No desprecies la palabra escrita,

ella siempre oculta una intención.

Orien, el androide.

La mano de tres dedos se extendió, su piel gruesa y correosa hizo rebotar la moneda cuando cayó en la palma; antes que tocara el suelo la atrapó con un movimiento de relámpago.

—Gracias pwanne —dijo una voz profunda, utilizando el respetuoso término para los conquistadores terrestres.

Entonces, bajo el cielo nocturno con cinco lunas azulosas, la mujer miró con más atención la figura acurrucada en el húmedo empedrado. Estaba cubierta con harapos, tenía ojos de pupila vertical, amarillos como fuego, cabellera violeta, granulosa piel gris y ausencia de fosas nasales sobre la boca poblada de colmillos.

Que feos son, tiene un infante en sus brazos, debe ser una de sus mujeres —pensó con sentimiento de asco y con rapidez apartó la mirada, para observar el deslumbrante lugar hacia donde iba.

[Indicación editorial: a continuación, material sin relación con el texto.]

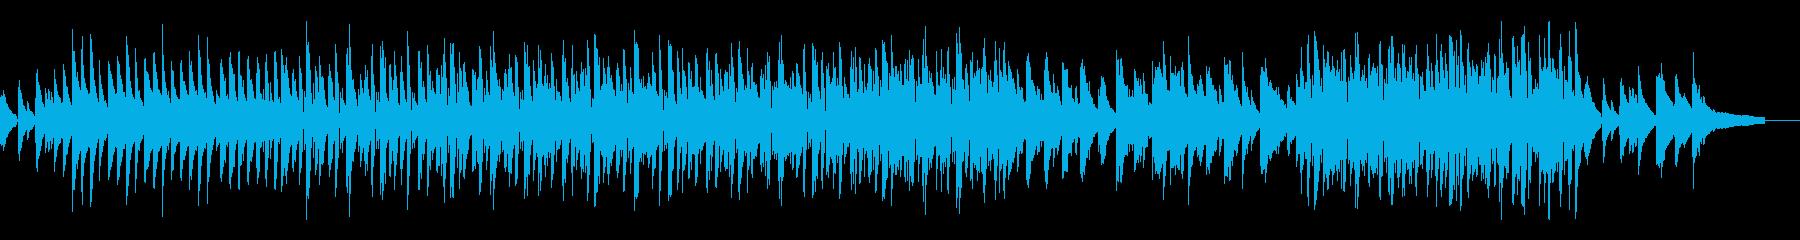 ラテンっぽい 軽快シャレオツ+ピアノ曲の再生済みの波形

En el suelo, milenarios bloques de piedra húmeda y desgastada, relampagueaban con reflejos de luces artificiales. Los descomunales edificios parecían antiguos faros marinos de la tierra, casi cubiertos con pantallas plenas de imágenes promocionando bullentes centros de diversión. Multitud de vehículos descargaban gente con aspecto festivo, risas y voces, en diferentes idiomas, producían ecos en la estrecha calle.

Ella se alejó del vehículo flotante, con gracia movió sus bellas piernas desnudas y caminó sobre la alfombra roja por encima de los charcos de lluvia. En esta región del planeta G-065 el clima era de naturaleza tropical.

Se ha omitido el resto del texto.